Many hypotheses are made as to the causes of these differences, which are not found in the repeatability, since the results of measurements on the same panel, carried out in the same laboratory, with the same measuring chain, by the same operator and at a short distance from each other, were found to be affected by a standard deviation that is fully compatible with the indications of the standard.
One of the most investigated factors was the perimeter frame of the test opening between the two reverberation chambers, i.e. the type of finish of the opinion to which the test panels are anchored.
The ISO EN UNI 10140-3 standard does not specify the frame characteristics, leading to variability in the frame materials used between laboratories. However, our analysis of the results of the mentioned interlaboratory comparison shows that reproducibility values improve significantly when the comparison is limited to laboratories, the majority of which are equipped with cement frames.
In addition, ensuring proper assembly of the samples is crucial to avoid direct sound passages and maintain the measured soundproofing power, especially at higher frequencies.
At XEFRA Laboratory, we specialise in sound insulation measurements according to ISO EN UNI 10140-3 standards. Our facility consists of two adjacent semi-reverberation chambers with a common wall containing the test opening. This setup is designed to minimise lateral sound transmission and ensure that sound energy passes primarily through the test opening.

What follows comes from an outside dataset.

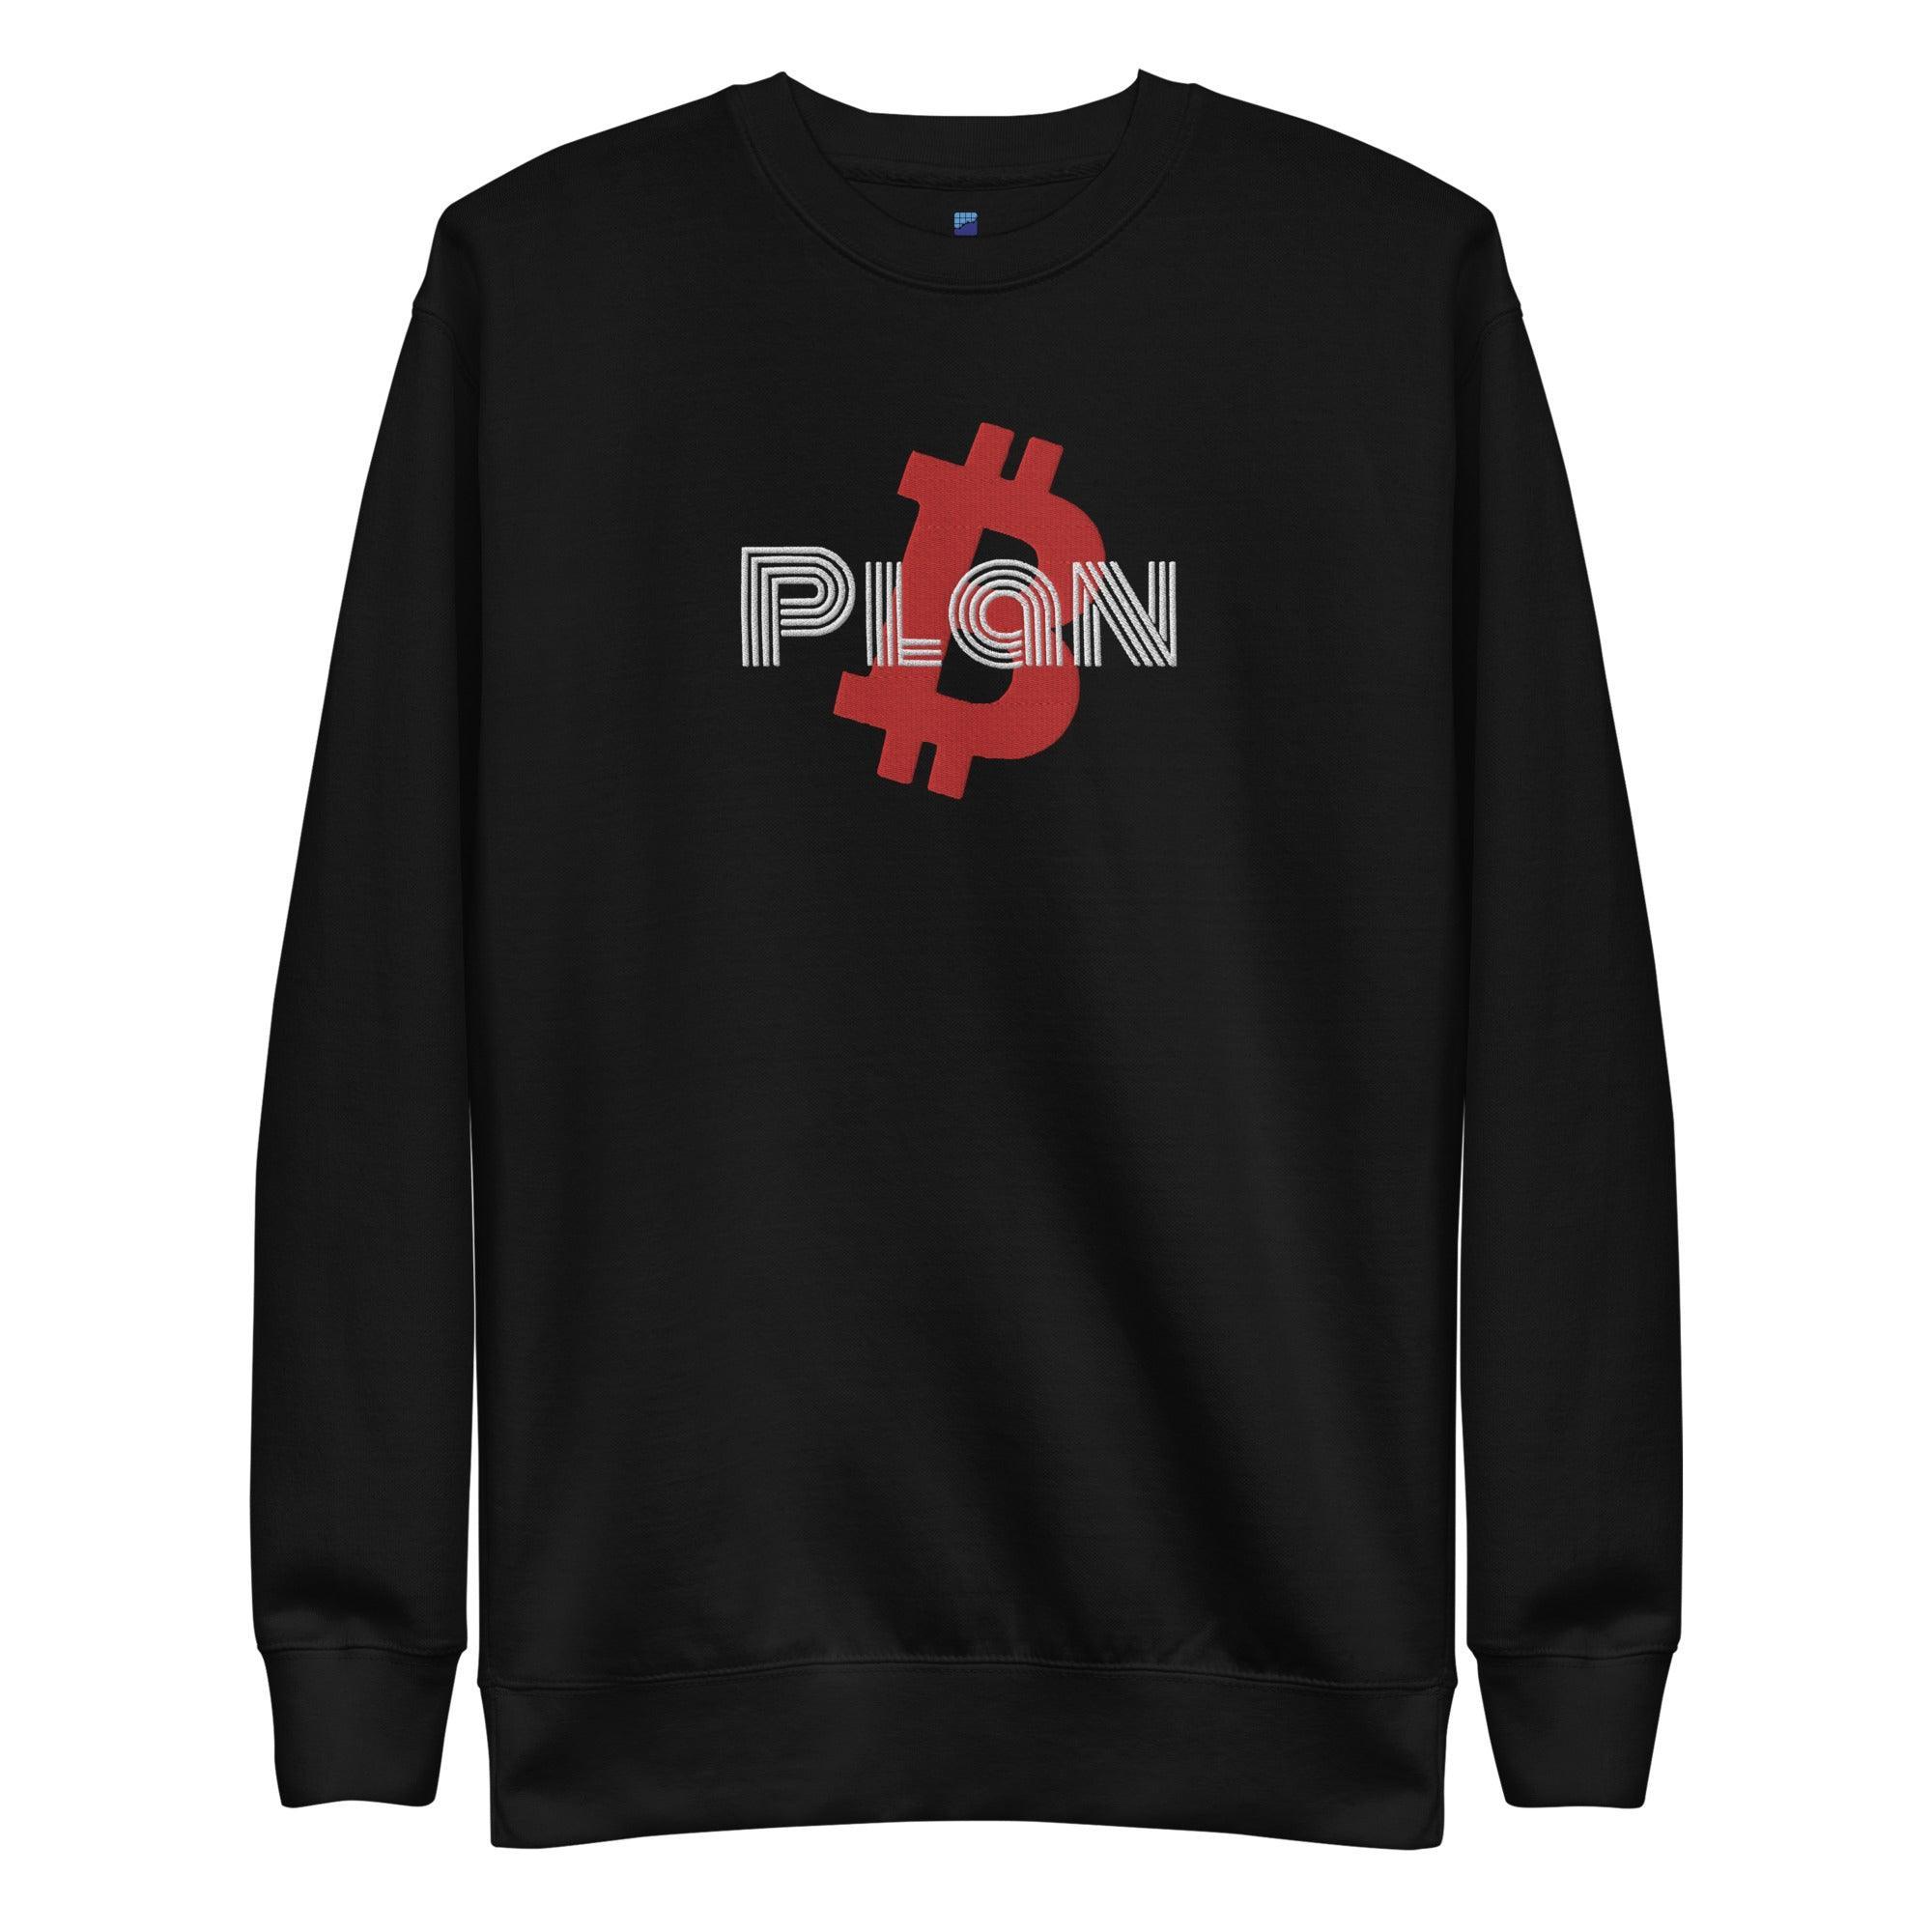 Plan Bitcoin Sweatshirt - InvestmenTees

The heavy wall structures in the chambers provide substantial insulation against external noise, resulting in a low background noise environment, particularly in the receiving environment. The volume and dimensions of the test opening, which, for example, may not be less than 10 m2 , must comply with the requirements laid down in the general standard ISO EN UNI 10140-1. As far as measurement accuracy is concerned, the reference standard is ISO EN UNI 10140-2, where the guidelines for determining the repeatability and reproducibility values obtainable with this procedure are given.
The measurement principle for soundproofing power is simple in concept but complex in practice. Once the sample partition under test has been installed in the appropriate opening, a sound signal with a constant sound pressure level in the frequency range between 63 Hz and 5 kHz is produced in the chamber known as the transmitting chamber by means of an omnidirectional source fed with white noise. This signal is picked up in both chambers by two microphone stations, each consisting of a microphone placed on a rotating rod. The two microphones are connected to a two-channel real-time digital spectrum analyser, by means of which the spectral distribution of the signals existing in the two rooms is determined, in addition to the sound pressure levels.
The measurement process involves recording the average sound pressure levels in both chambers across 1/3 octave frequency bands from 100 Hz to 4 kHz. This is repeated for three different sound source positions in the transmitting chamber, selected based on a specific acoustic qualification procedure outlined by the standard.
Acoustic Measurement and Insulation Testing in XEFRA’s Reverberation Chambers
In our acoustic reverberation chamber, a meticulous approach is taken to determine the existence of any sound leaks due to faulty assembly of the sample. This includes a phonometric check of the edges of the structure and any joints before each measurement. By overcoming these challenges, we ensure the integrity and accuracy of our sound insulation measurements, in accordance with the strict standards set by ISO.